Inspiration was the challenge published by T-Systems on hackkosice 2019
What it does
Grabs the audio stream from computer microphone and with use of Google Cloud Platform services, it transcribes the captured audio to text and then translate the text to target language and send it to simple frontend.
Fasttext embeddings are used to enhance the transcription - if there is a transcription with low confidence, it will try to replace it with word, which has the highest probability of occurence in given context.
How we built it
Using Google Cloud Platform services - this integration, along with word embeddings was handled by Marko Sahan, using platform and his personal Google Cloud Platform account (there is a free 300 dollar trial for new users).
Integration of translation into simple website (shows as a stream of text), with basic integration to Webex was done by Jaroslav Loebl.
Challenges we ran into
Jaroslav killed a lots of hours by imlementing the non-blocking streaming of translation results to frontend. It was mainly caused by low knowledge of asyncio.

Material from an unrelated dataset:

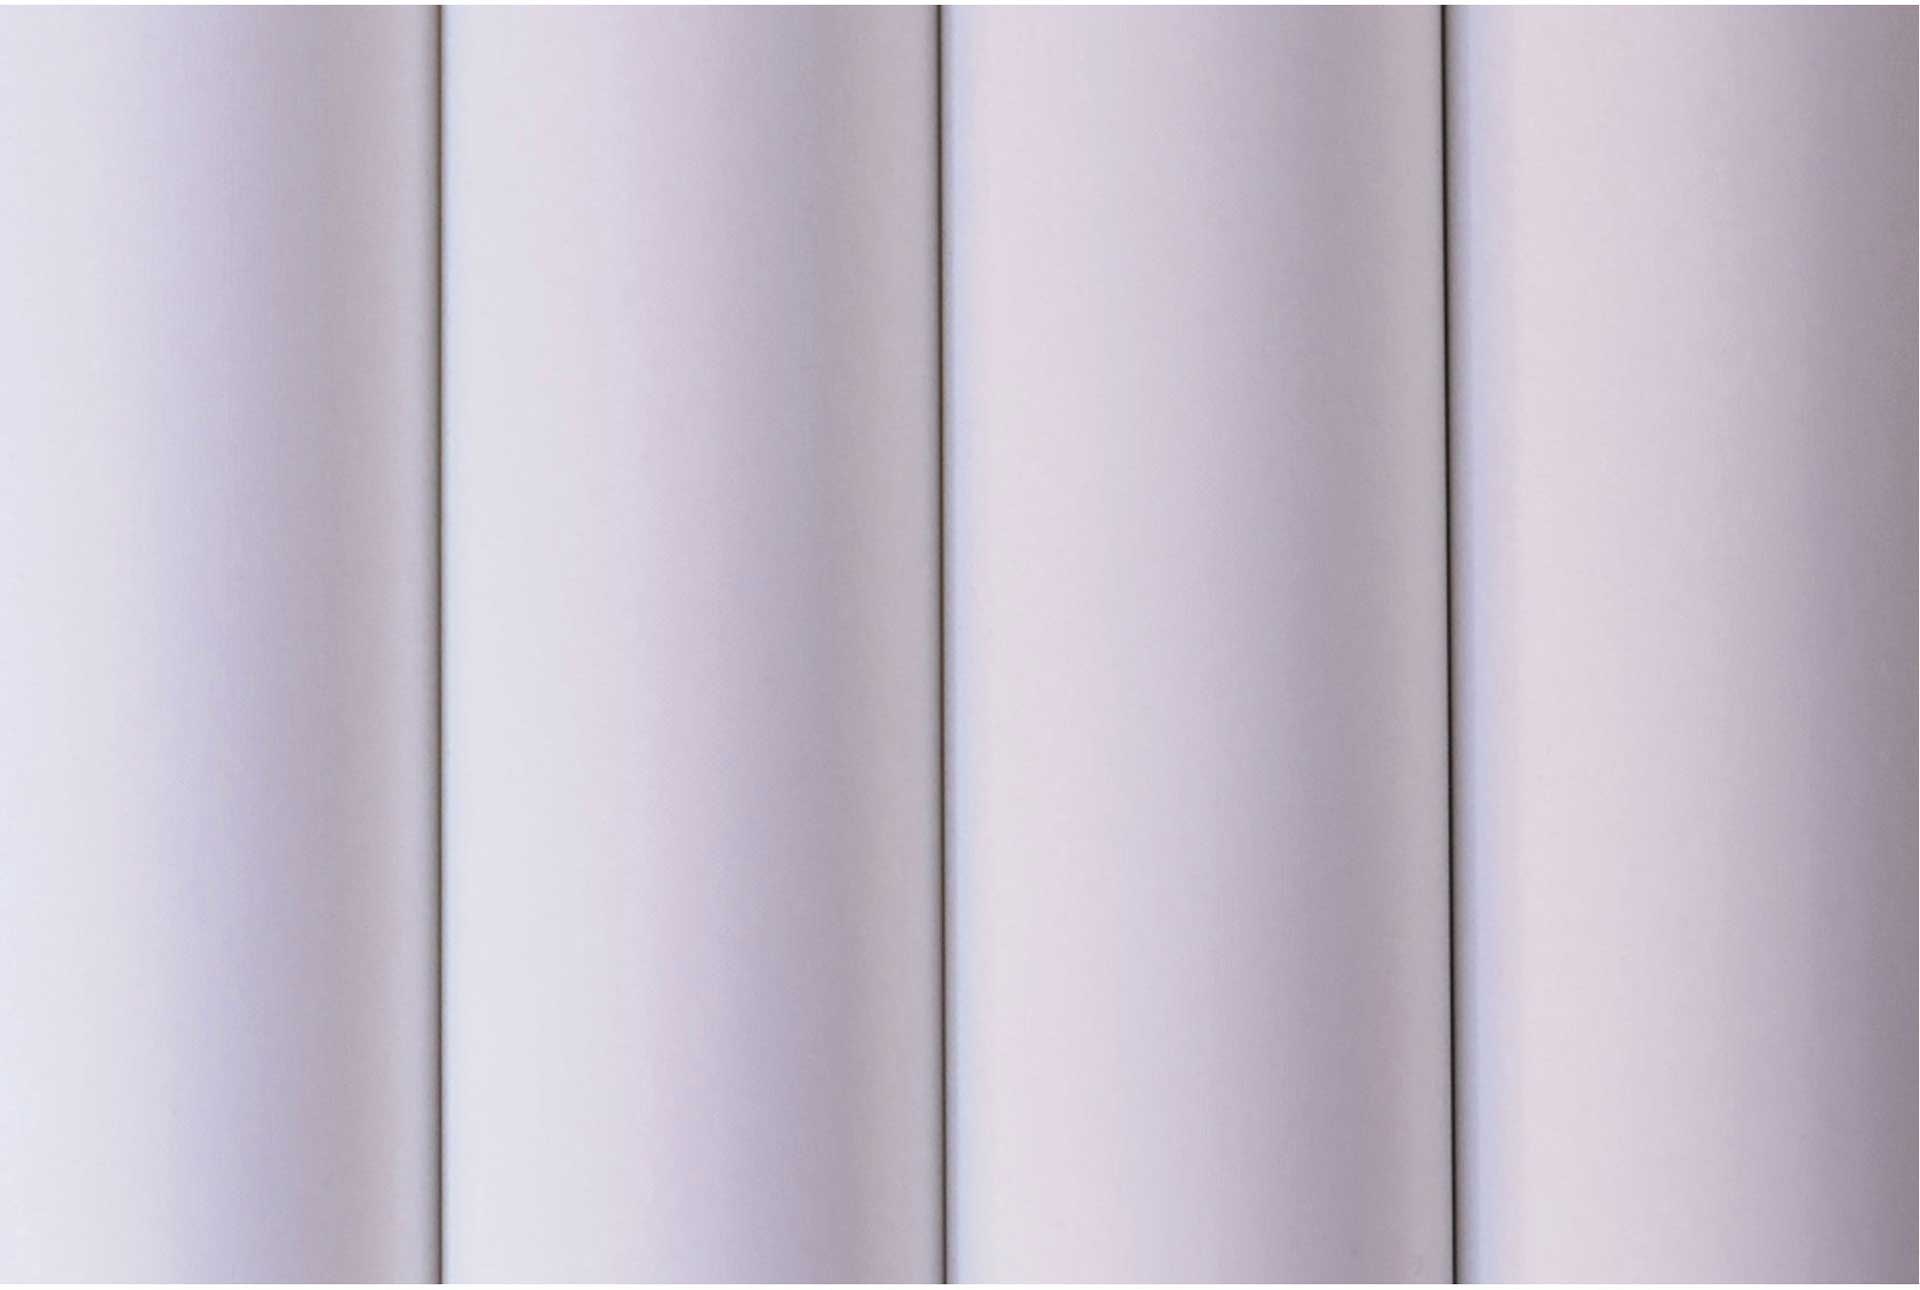 Oracover Paintingfabric 2 metre # 01

Marko for the first time used the Google Cloud Platform and working under the time pressure was also strong experience.
Accomplishments that we're proud of
Working PoC, which transcribe and translate captured audio and show it to user.
What we learned
Jaroslav learned a lot about asyncio and parallel processes in Python and Marko got hands dirty with GCP
What's next for Tapir (speech-to-text-to-translate)
An actual sending of translated text to other webex users, as subtitles.